Calhoun made the small man helpless with the invader's uniform he'd pulled over his own, and now tore it into strips. He was painstaking about the job. He tied his captive in a chair, and then encased him in a veritable cocoon of cloth strips. Then he examined the laboratory.

Murgatroyd strutted as Calhoun went over the equipment. Most of it was totally familiar. There were culture trays, visual and electron microscopes, autoclaves and irradiation apparatus, pipettes and instruments for microanalysis, thermostatic cabinets capable of keeping culture material within the hundredth of a degree of desired temperature. Murgatroyd was completely at home now.

Presently Calhoun heard a gasp. He turned and nodded to his prisoner.

"How-do," he said politely. "I've been very much interested in your work. I'm Med Service, by the way. I came here to do a routine planetary health check and somebody tried to kill me when I called for landing coordinates. They'd have done better to let me land and then blast me when I came out of my ship. The other was the more dramatic gesture, of course."

Dark, beady eyes regarded him. They changed remarkably from moment to moment. At one instant they were filled with a flaming fury which was practically madness. At another they seemed to grow cunning. Yet again they showed animal-like fear.

Calhoun said detachedly, "I doubt that there's any use in talking to you now. I'll wait until you have the situation figured out. I'm in the ship. There appears to be nobody else in a condition to start any trouble. The two men your—ah—mop-up party brought here are out for some days." He added explanatorily, "Polysulphate. An overdose. It's so simple I didn't think you'd guess it. I knocked them out so you'd be ready to let me in with a third specimen."

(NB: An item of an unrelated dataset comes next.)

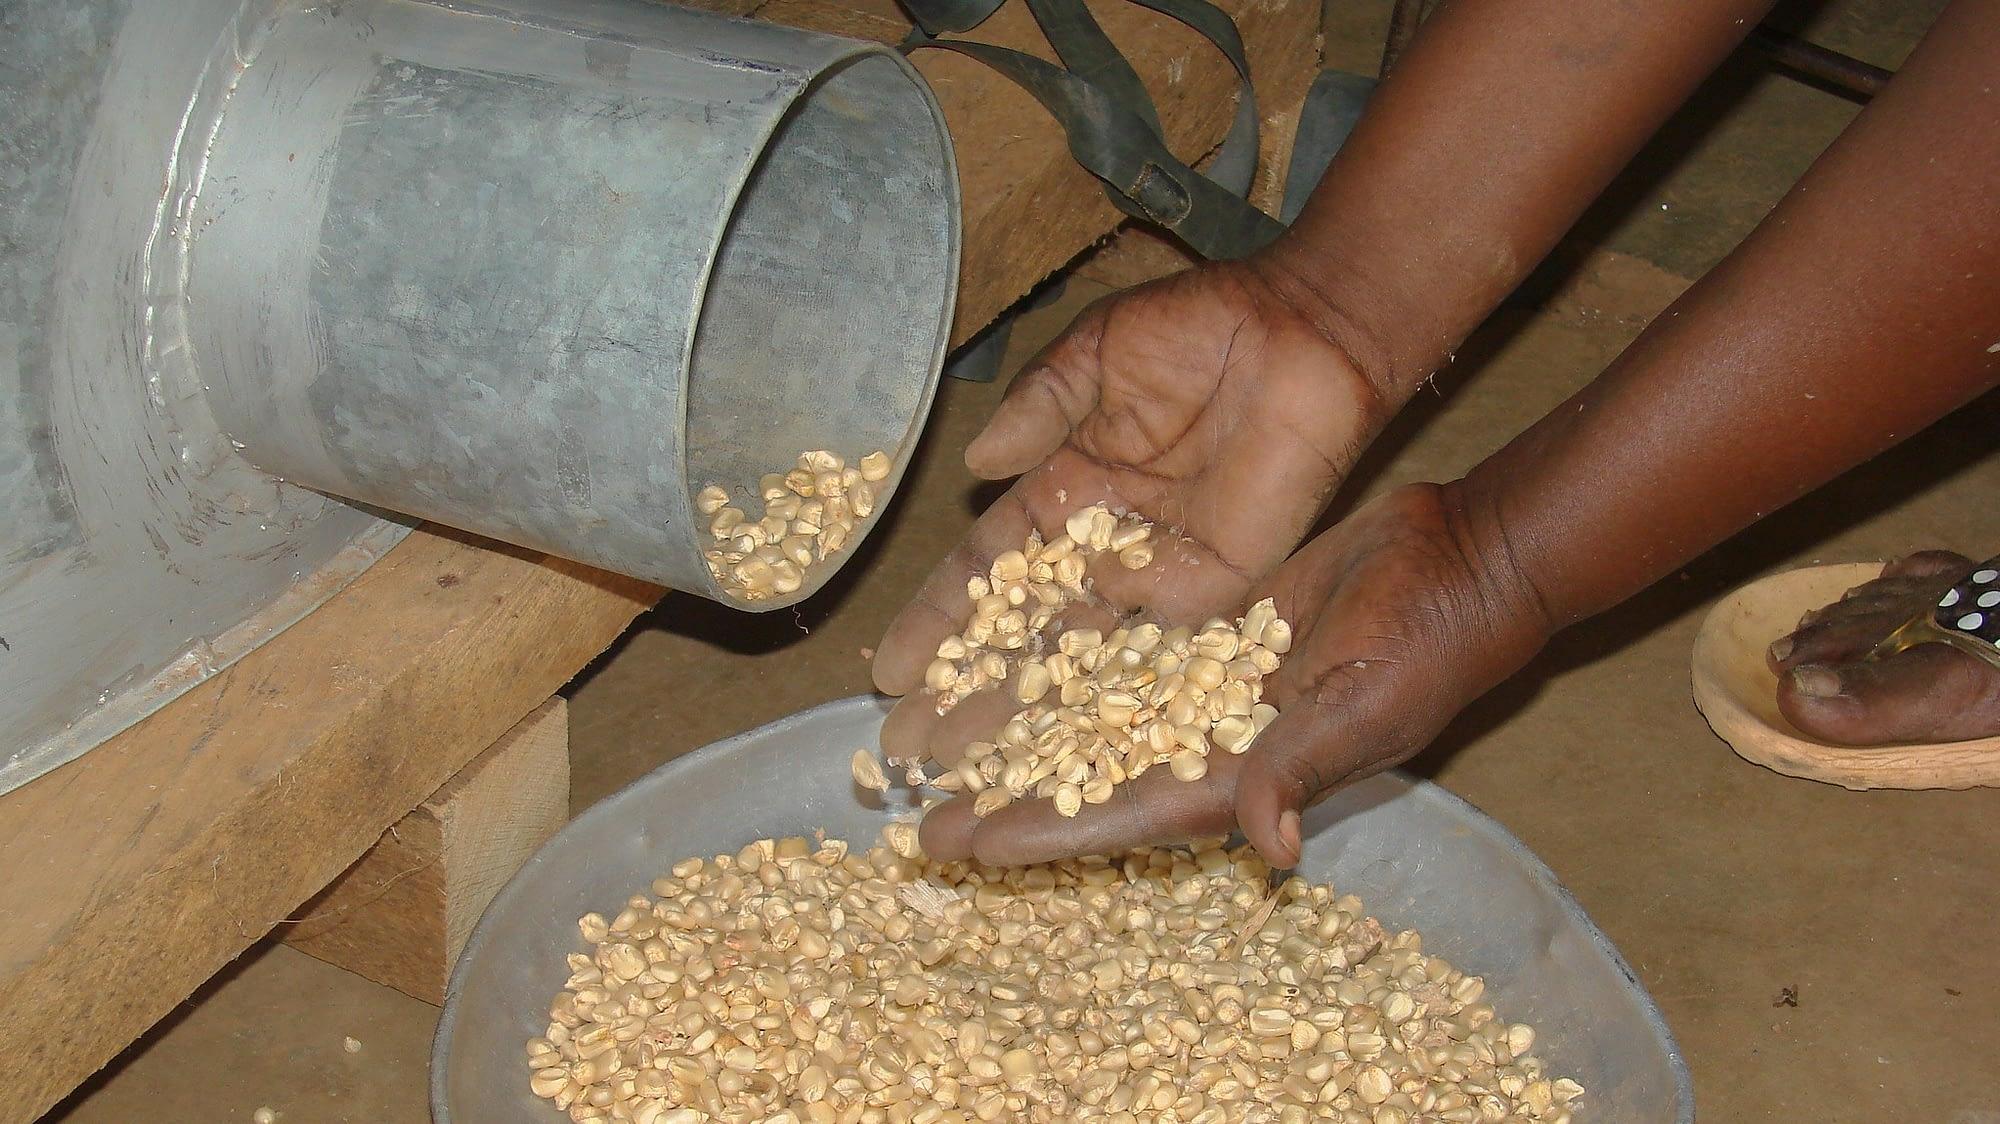 A farmer empties a metal silo filled with maize grain in Embu, Kenya. (Photo: CIMMYT)

The mummylike bound figure made inarticulate noises. There was the sound of grinding teeth. There were bubbling sounds of crazy, frustrated rage.

"You're in a state of emotional shock," said Calhoun. "I guess that part is real and part is faked. I'll leave you alone to get over it. I want some information. I think you'll want to bargain. I'll leave you alone to work it out."

He went out of the laboratory. He felt an acute distaste for the man he'd captured. It was true that he believed the small man had received an emotional shock on finding himself captured and helpless. But a part of that shock would be rage so horrible as to threaten madness. Calhoun guessed coldly that anyone who had made the decision and lived the life he ascribed to the bound man—his guess, as it happened, was remarkably exact—could literally be goaded to death or madness, now that he was bound and could be taunted at will. It happened that he did not want to taunt his prisoner.

He went over the ship. He checked its type and design, verified the spaceyard in which it had been built, made an exact list in his own mind of what would be needed to make it into an inert hulk of no use to anybody, and then went back to the laboratory.

His prisoner panted, exhausted. There were very minor stretchings of the cloth strips which held him. Calhoun matter-of-factly made them tight again. His prisoner spat unspeakable, hysterical curses at him.

"Good," said Calhoun, unmoved. "Get the madness out of your system and we'll talk."